# DIY Reamers



## shred (Apr 12, 2009)

With the discussion of shop made reamers, I found this in my files. I think it's from Colin Binnie-- if anybody has proper attribution, let me know. I've seen the 'type 1' called a 'toolmaker's reamer' elsewhere.


----------



## ozzie46 (Apr 12, 2009)

Thanks Shred, duly noted and filed away for use.

 Ron


----------



## BMyers (Apr 16, 2009)

Thanks ! Really helped today when I needed a 1/8" reamer


----------



## densue (Apr 28, 2009)

This method works very well. Many times I've used it.

Take music wire the size you need and grind it at about 30 deg. on the bench grinder, drill a few thousands under and then use this new reamer. It will usually be within about a half over. It is prooven. usually works with soft metals as aluminum and brass, only a couple of times used it with steel.

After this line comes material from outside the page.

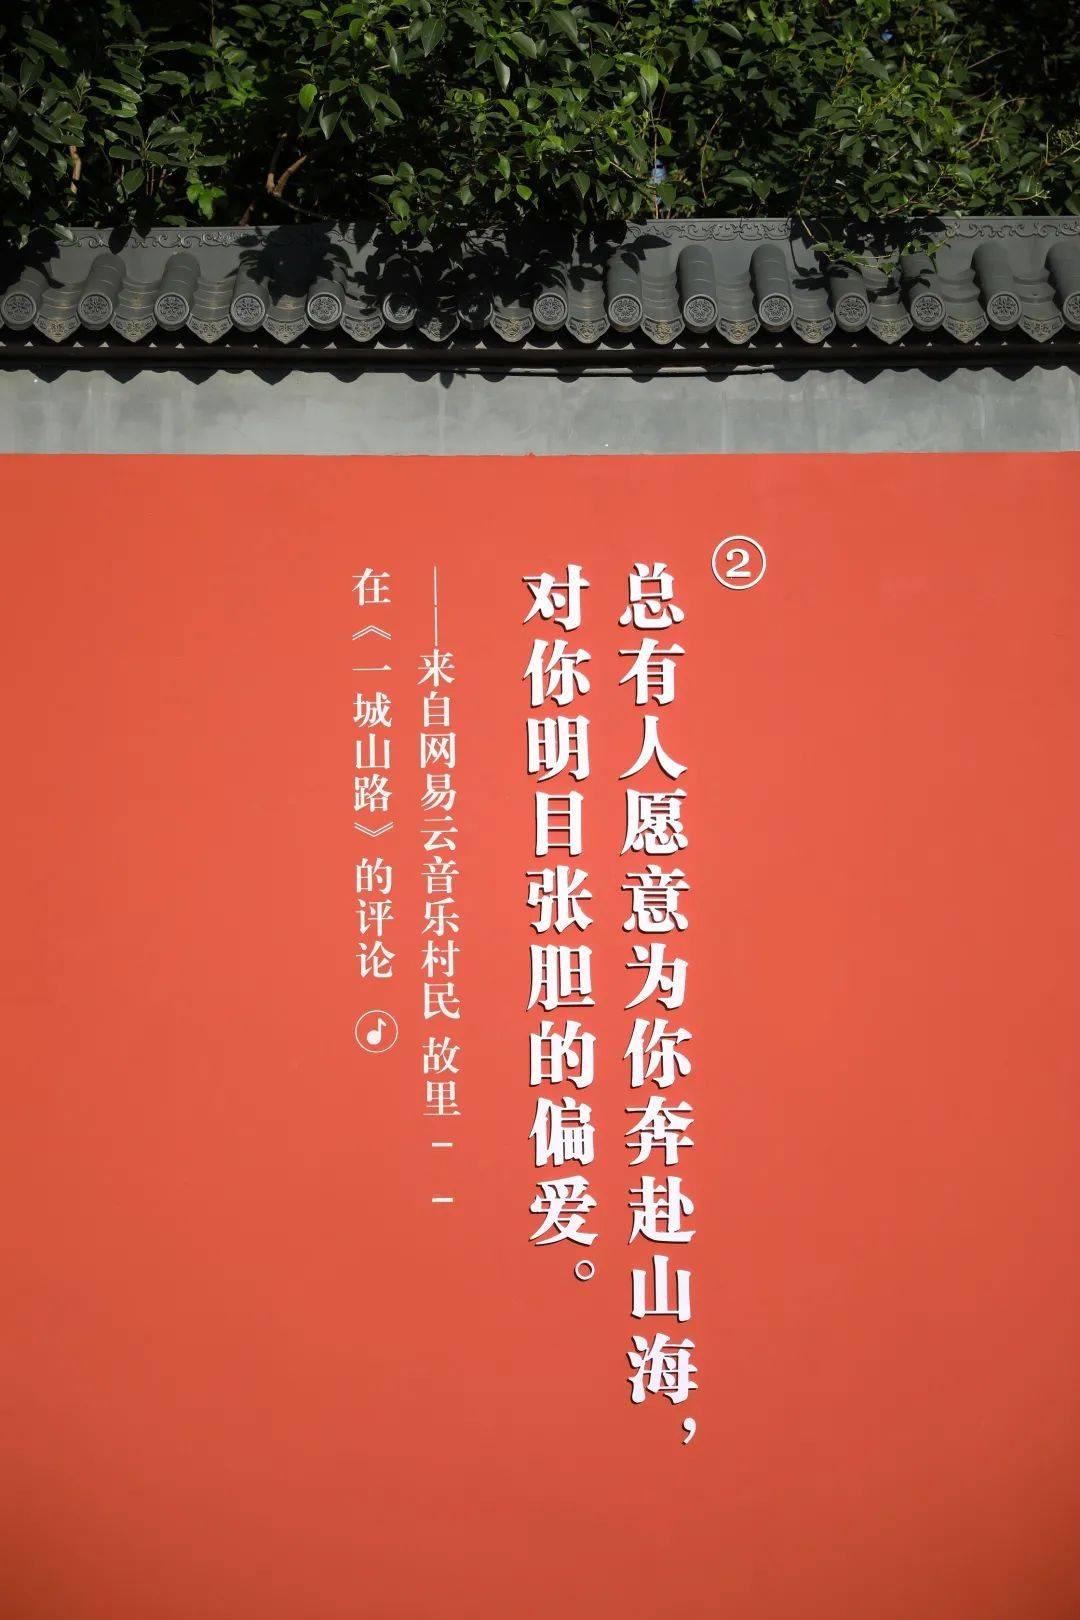 9101000976141aaa068d956.59791695 - 网易云音乐,一本情感营销的教科书

Excellent with number sizes.


----------



## BMyers (May 11, 2009)

is there a limit as to how big this method will work ?


----------



## steamer (May 11, 2009)

I've made them up to 1/2" with no troubles

The aren't for hogging mind you, but they will bring the hole to size.

Dave


----------



## BMyers (May 11, 2009)

Dave, At 1/2" how much under did you make the hole ?


----------



## steamer (May 14, 2009)

Hi BMeyers,

Sorry for the delay.....

.002 - .005......this tool was never made for hogging!

Here's the procedure.

Drill undersize.

Bore to .002-.005 undersize.  This takes any run-out out.  If you don't do this, the reamer will follow the hole and your finished hole will run-out

Finish with the reamer at slow speed and steady feed. and lubricate as required for the material.

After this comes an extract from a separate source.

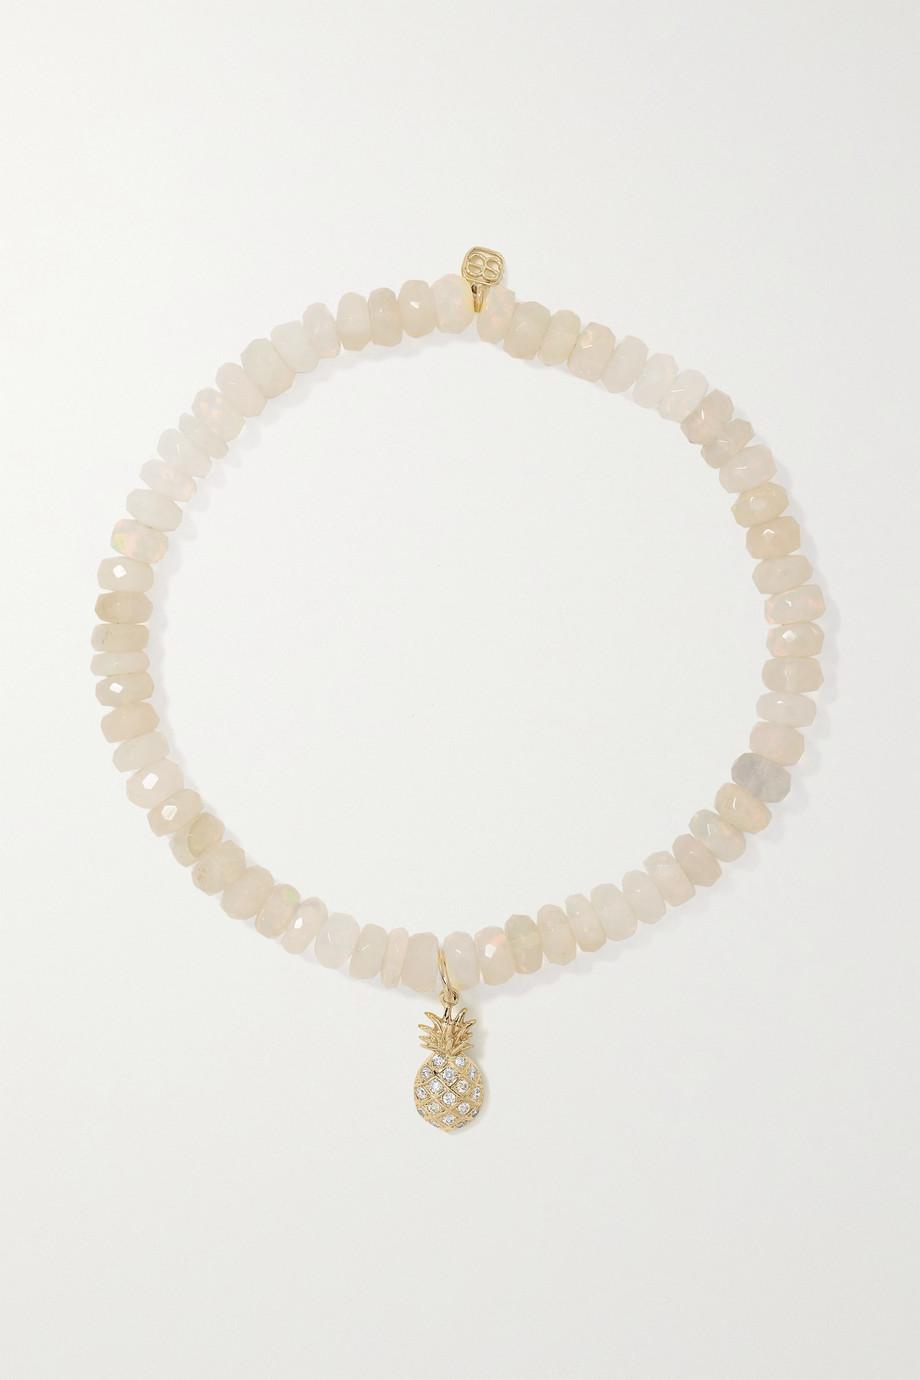 Sydney Evan Bracelet en or 14 carats (585/1000), opales Welo et diamants Pineapple

Once I'm through, I stop the lathe.  THEN I retract the tool with the work stopped as I worry it may cut on the way out due to chips getting wedged behind the back of the tool, forcing the cutting edge into the work.

Dave


----------



## BMyers (May 14, 2009)

Dave,
thanks, I made a 12 mm one today. drilled 15/32" then reamed hole in the mill. holed ended up at .472" I am pleased.


----------



## steamer (May 14, 2009)

Good! ;D

Dave


----------



## scatterlogical (Feb 10, 2010)

I have numerous broken bits of carbide burrs from my foredom (y'know, rotary tool cum die grinder that would eat a dremel for an appetizer before hogging into some cast iron and finishing up with some fine polishing and detailing).

Anyway I've brazed various sizes of these (i've got everything from some itsy pcb cnc cutters to 6mm and 10mm burrs) onto some drill rods with a suitable notch cut-out at the end so as to leave just the teeth sticking out with some clearance (be sure to orient the burr so the teeth incline up and back, clockwise as it were). 

These babies will rip a hole wide open super fast in just about any material (multiple cutting points), they aren't fussy about their orientation, and will leave a lovely smooth finish when you ease off for the last few passes. Only tricky bit sometimes is just getting that damn bit of burr to stay in place as you braze the bugger


----------



## SAM in LA (Feb 10, 2010)

scatterlogical  said:
			
		

> I have numerous broken bits of carbide burrs from my foredom (y'know, rotary tool cum die grinder that would eat a dremel for an appetizer before hogging into some cast iron and finishing up with some fine polishing and detailing).
> 
> Anyway I've brazed various sizes of these (i've got everything from some itsy pcb cnc cutters to 6mm and 10mm burrs) onto some drill rods with a suitable notch cut-out at the end so as to leave just the teeth sticking out with some clearance (be sure to orient the burr so the teeth incline up and back, clockwise as it were).
> 
> These babies will rip a hole wide open super fast in just about any material (multiple cutting points), they aren't fussy about their orientation, and will leave a lovely smooth finish when you ease off for the last few passes. Only tricky bit sometimes is just getting that damn bit of burr to stay in place as you braze the bugger



Perhaps you can post th_wwp a picture of one of the tools you have made. Maybe I'm just slow, but I am having trouble visualizing what you have done.

SAM


----------